The answers provided by simple queries tend to be more expected than not, while the answers provided by complex queries tend to produce far less certain answers that are that much richer for resolving the questions posed.

Consider the following case example from the financial industry. A bank offers its customers a financial instrument that a competitor has decided to offer without charge. If the bank does not respond to this challenge quickly, customers who are paying their idea of an unnecessary fee for the financial instrument under discussion may leave this bank for its competitor.

Suppose the bank responds to this situation by asking, "Which current customers use this product?" The most likely response to this information (a list of current customers) is to eliminate the fee for the product. This action is likely to forestall erosion of the customer base, but also reduces profits for the bank.

Suppose the bank asks the more sophisticated question, "Which current customers using this product remain profitable clients if the fee is eliminated?" The bank now knows not only which consumers of its financial instrument are profitable for reasons other than their consumption of that product, but which consumers do not otherwise contribute to the bottom line. The latter customer set can be released to the competition, which is unlikely to know that the new customers are not profitable.

The impact of this more complex query is profit maximization, and its example shows clearly the value of complex over simple queries.

Relationship between Query Complexity and the Value of Its Answer

A simple query typically accesses a small number of tables, as the following graphic shows.



The simplicity of such a query maps directly into the simplicity of its answer. That is, simple queries tend to deliver low-value answers which, in turn, enable low-value actions.

Complex queries investigate relationships among tables, in search of high-value answers that come from mining interrelationships among tables. The following graphic shows a query that accesses four tables, one table multiple times. A complex query can access up to 128 in a single join.
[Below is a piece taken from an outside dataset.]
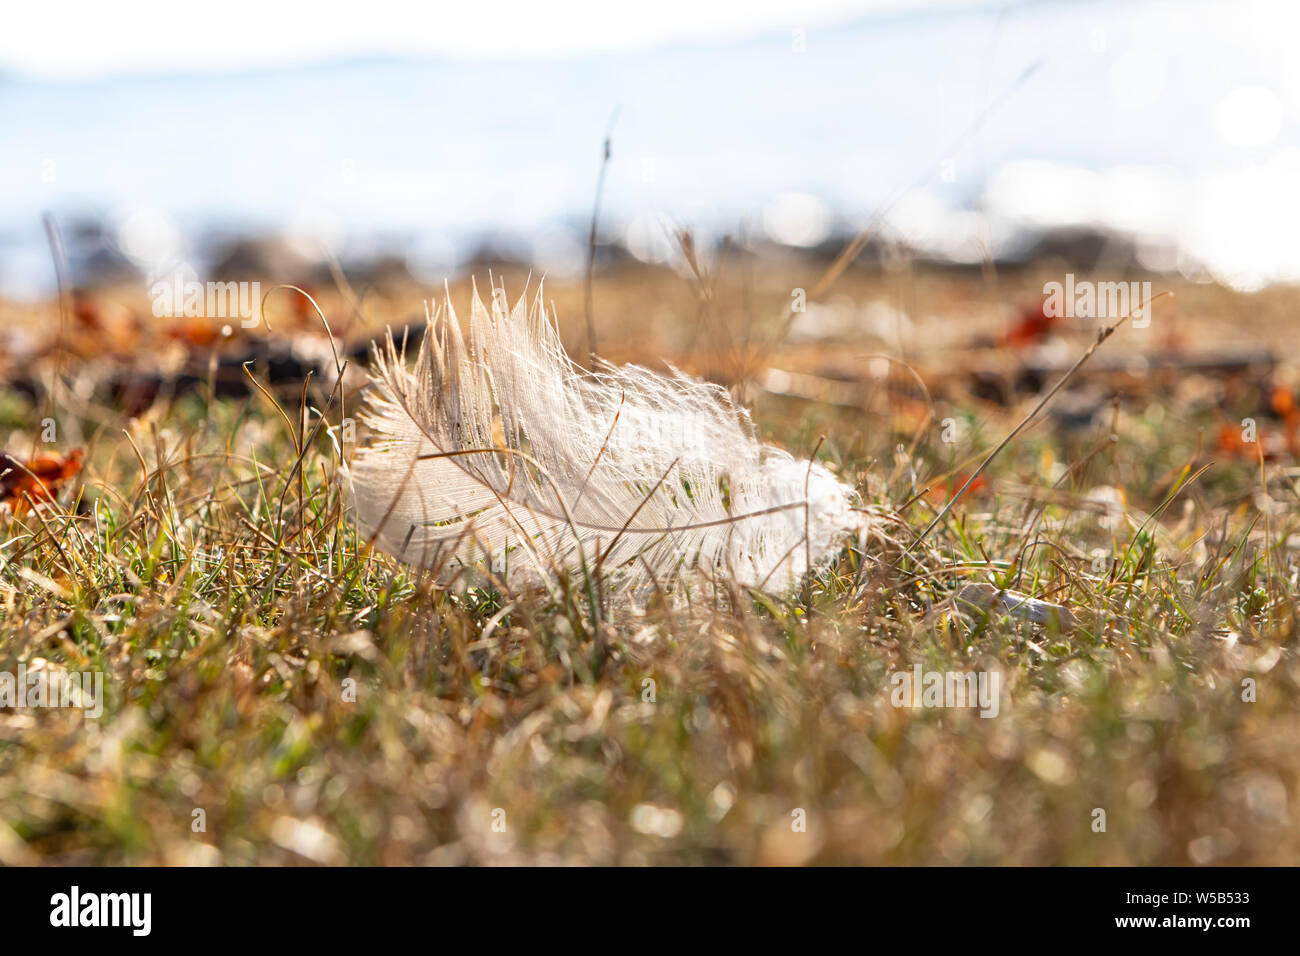 close up of a single  white bird feather on tundra grass next to a beach with a blurred background Stock Photo

Query complexity exerts an I/O burden that commercial relational database management systems typically cannot handle, which is the principal reason that most data warehouse vendors advocate the use of summary data.
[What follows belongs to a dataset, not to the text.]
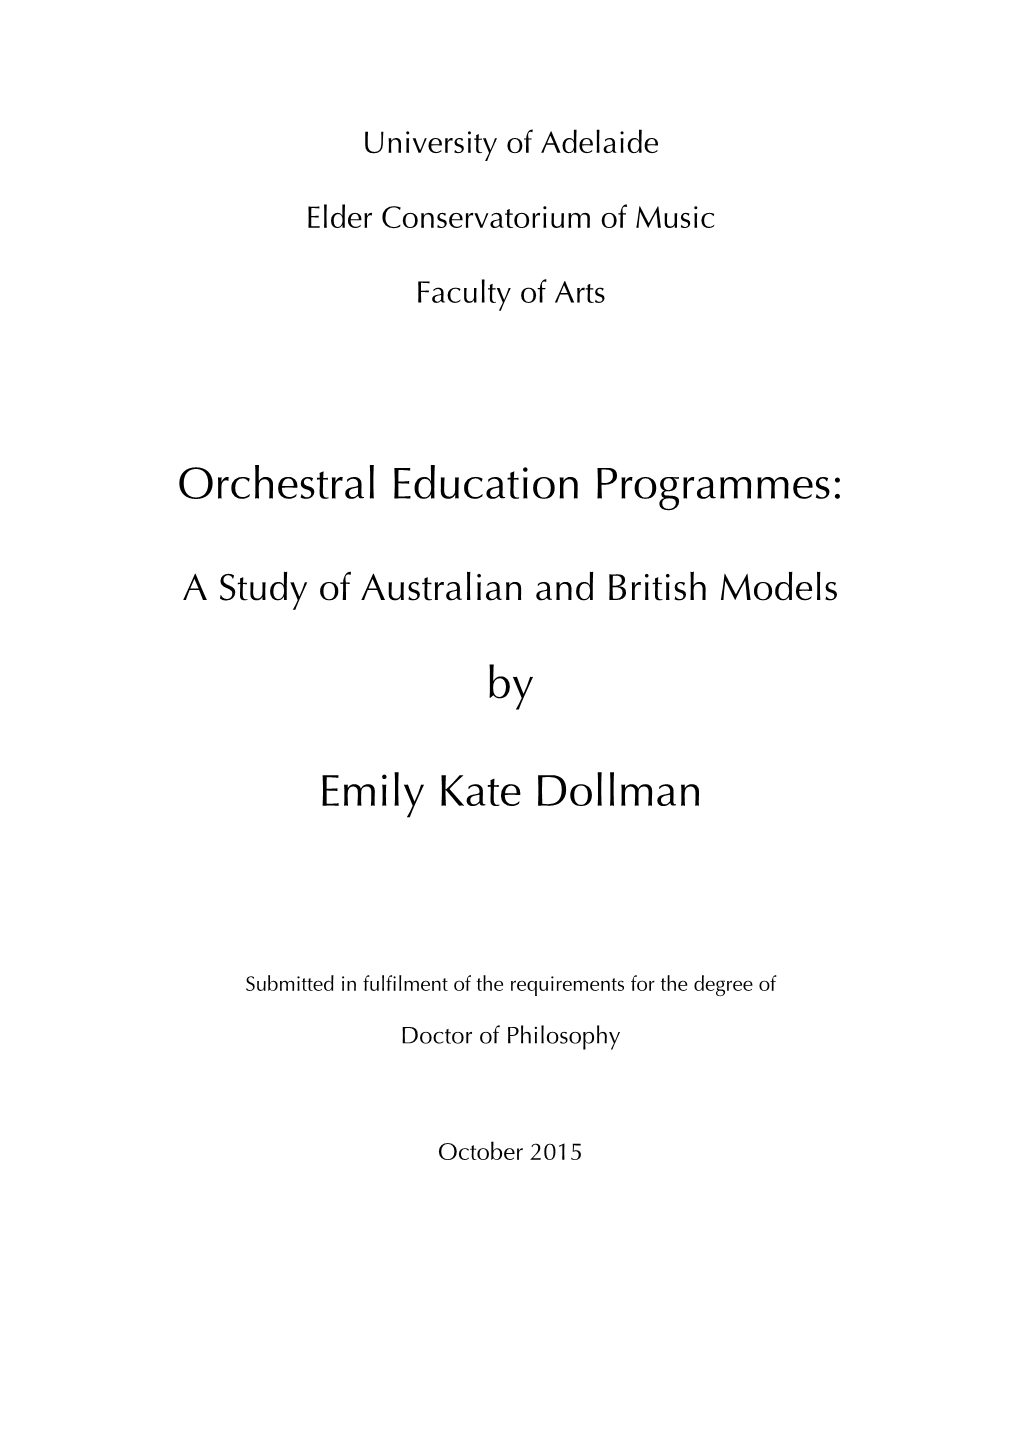 Orchestral Education Programmes

The relationship between query complexity and the extent of detail in the database is direct and profound. Summary data is often good enough to answer simple queries, but cannot deliver the answers that more complex queries seek. This is an extremely important concept to understand before designing your databases, because you must provide the level of detail in the data that can deliver answers to the types of questions you must ask.
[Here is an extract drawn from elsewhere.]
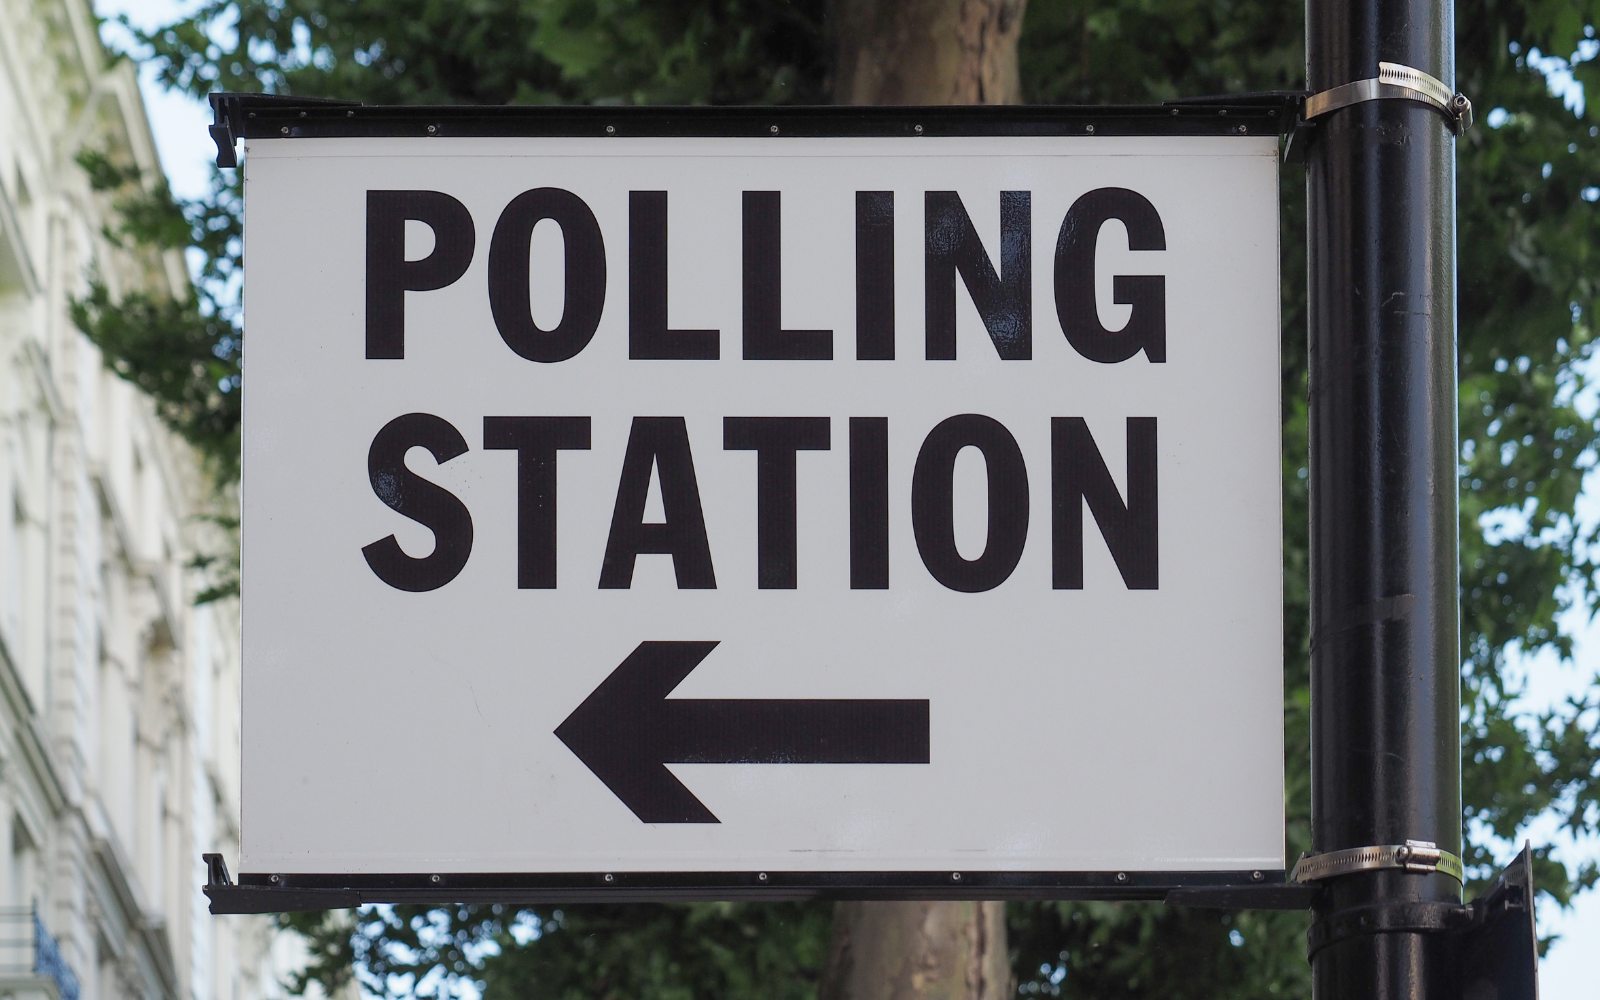 A polling station sign.

Valuable Information and Time

The value of information is often inversely proportional to the length of time required to derive it.

As the following graphic shows, the more sophisticated the analysis, the less expected the answers. More explicitly, this principle can be stated as the more complex the query, the more likely that heretofore unknown information hidden in the data is revealed.


Complexity of query analysis

Sophisticated explorations of the data universe may take longer to produce results, but those results are invaluable to the business. A quick response is a minimal requirement for simple queries, but such queries rarely provide a business-critical response, and designing a database to make sure nothing but quick responses is the quickest path to failure for your data warehouse project. The parallel architecture built into Vantage makes sure that all queries are answered in an optimal time frame.

Your data warehouse can be a source of unimaginable information richness if designed with the thought that any question, no matter how involved or abstract, can be answered as readily as a simple query.